There is real reason to worry when the president of the New York Federal Reserve Bank warns that the gulf between rich and poor risks an economic downturn, and economists are once again talking about a “K-shaped” economy. (In a K-shaped economy, the economic prospects of the well-to-do rise along the upward line of the K while those of the rest of us decline along the downward line of the K.)
The pick-up in economic growth is driven not by widespread consumer spending, but by a consumption spree of the well-to-do. By the second quarter of 2025, spending by the richest 10% of households accounted for nearly half (49.2%) of consumer spending, according to the calculations of Moody’s Analytics economist Mark Zandi. That’s higher than at any time since 1989, the year when he started tracking spending data.
Much of that spending went to what 19th-century economist and social critic Thorstein Veblen famously called “conspicuous consumption”—ostentatious displays of wealth.
Bank of America told the Wall Street Journal that credit and debit card spending on luxury goods abroad had doubled from a year earlier. And the Financial Times reported that sales of Mercedes-Benz G-Wagons, which are priced at $148,250, were up 41% from a year ago.

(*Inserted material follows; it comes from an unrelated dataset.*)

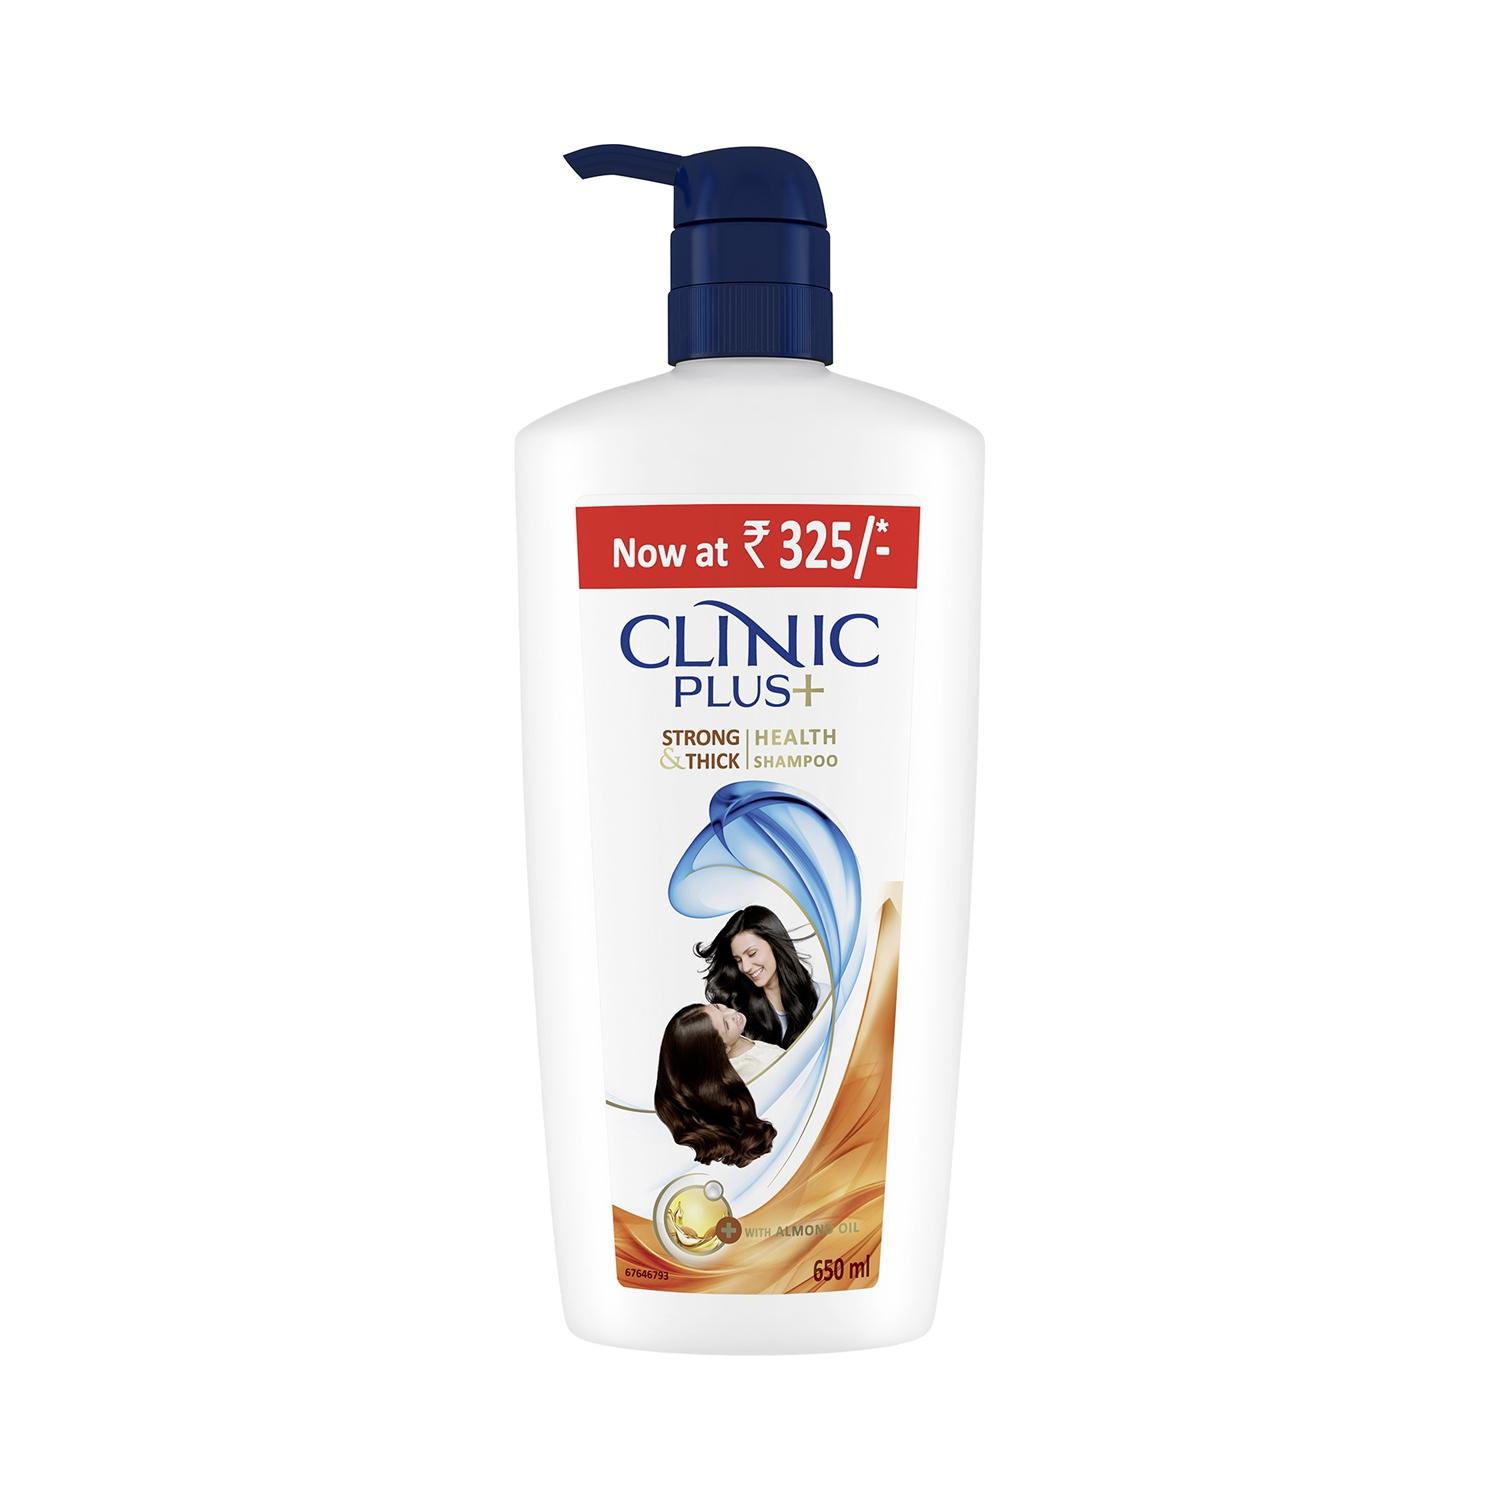 Clinic Plus Strong & Thick Shampoo (650ml)
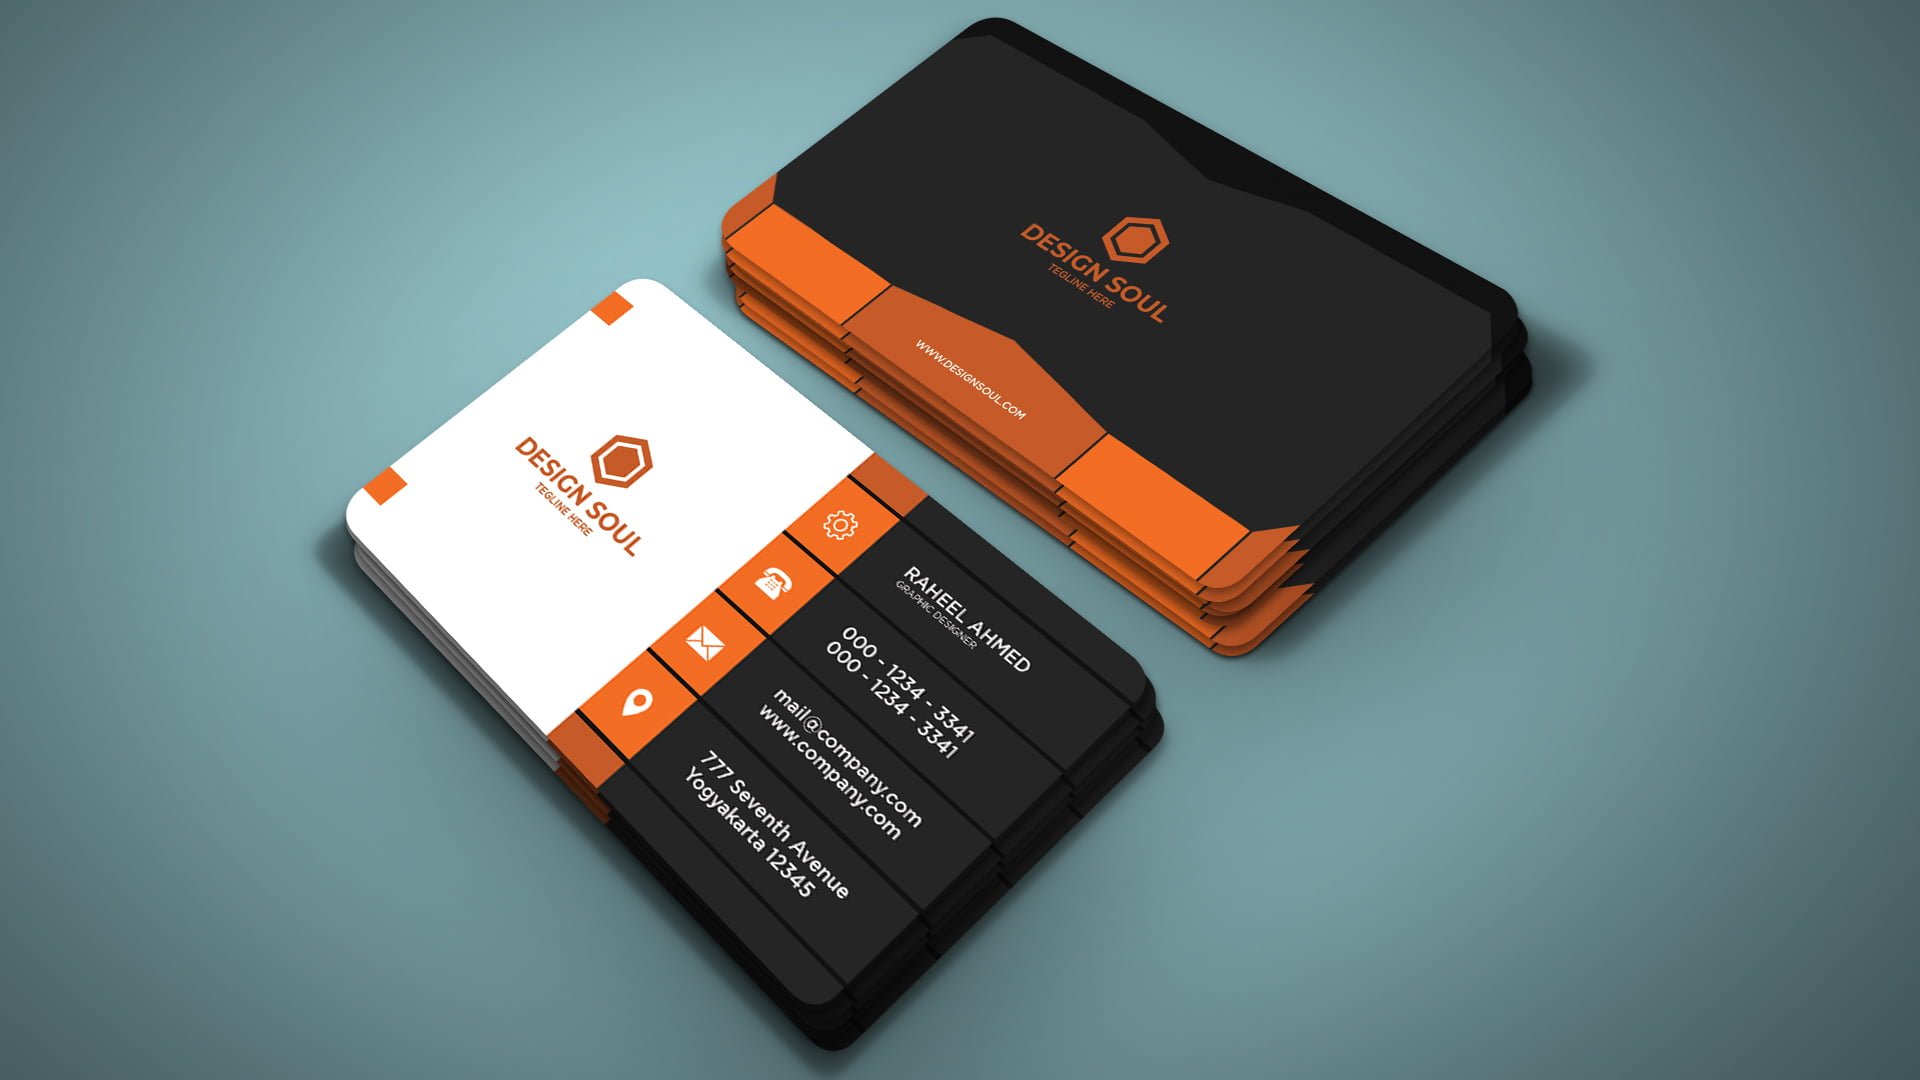 graphic designer personal business cards

From the beginning of 2020 to mid-year 2025, U.S. wealth holdings increased by $63 trillion, with wealth from stocks rising twice as quickly as wealth from real estate, according to the Federal Reserve. By their estimates, the top 20% of earners now hold 87% of the value of stocks and mutual funds. And economist Zandi estimates that every dollar of wealth gain adds another five cents of consumer spending.
The economic prospects of most everyone else have been diminished. Moody’s Analytics reports that from 2020 to mid-year 2025, the personal spending of the bottom 40% did no more than keep up with inflation, even though household debt levels have increased by nearly a quarter since the end of 2019.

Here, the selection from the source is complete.